FIELD: metalware production. SUBSTANCE: proposed invention can be used in production of laminated pipes, wire bars and steel-base shaped articles. Line is provided with unwinders, base and cladding layer cleaners, unit for forming cladding layer around base, cladding layer longitudinal seam welder, cladding layer deforming device, transportation mechanism, winders and high speed heating set, all arranged in direction of processing operations. Base surface activation unit is made in form of electrolyte-plasma set. EFFECT: enlarged operating capabilities in flow-line production of laminated metal articles and improved quality of articles. 6 cl, 2 dwg

Description

 The invention relates to the production of composite materials and can be used in the hardware industry in the production of laminated pipes, wire rods, shaped products with a predominantly steel base.

 A known line for the production of composite wire with a thick coating, containing the unwinder of the metal core with a metal tape coating, a device for polishing their contact surfaces, a unit for trimming the edges of the tape, a unit for welding edges, a device for crimping a workpiece with rollers or forging and a winding drum / cm. Application N 59-147788, Japan, IPC 6 V 23 K 20/00 /.

 A known line for the production of bimetallic rods containing uncoilers for supplying base metal and material, coated in the form of a foil, a device for preparing connected surfaces in the form of an ion etching chamber, a base rolling device coated in rolls and a winding device / cm. Application N63-137591, Japan, IPC 6 V 23 K 20/04 /.

 The disadvantages of the analogues are the limited technological capabilities of the lines and the low quality of the products obtained.

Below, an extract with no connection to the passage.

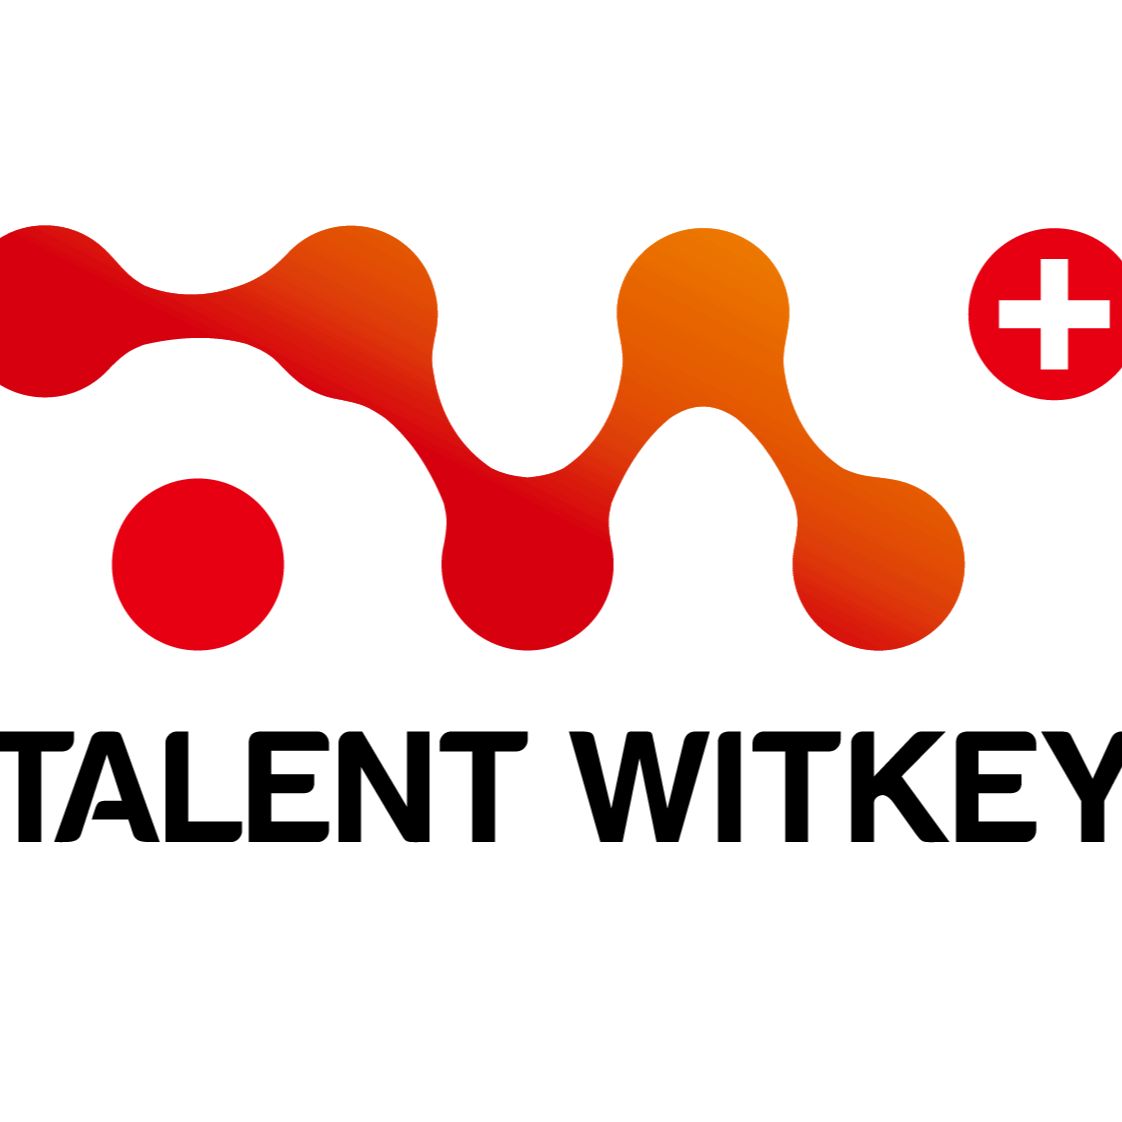 Talent Witkey Logo

 The closest analogue to the claimed object is a technological line for the production of laminated metal products, containing the unwinders of the base and cladding layer located along the technological process, a device for cleaning the surface of the base, an activation unit for its surface, a device for cleaning the surface of the clad layer, a unit for forming the clad layer around the base, installation welding of the longitudinal seam of the cladding layer, the unit for the intermediate winding - unwinding of the layered workpiece, the installation for heating, deform and its winding unit (see. Patent RU N 2099166 C1, B 23 K 20/00, 12.20.97).

 The disadvantages of the closest analogue are the limited technological capabilities of the line and the unstable strength of the connection of the cladding layer with the base, due to the limited capabilities of the installation of heating and a significant difference in the rheological properties of the base and clad layer.

 The basis of the invention is the task of developing the design of a line for the production of layered metal products with advanced technological capabilities, high performance and stable strength of the connection of the base with a cladding layer.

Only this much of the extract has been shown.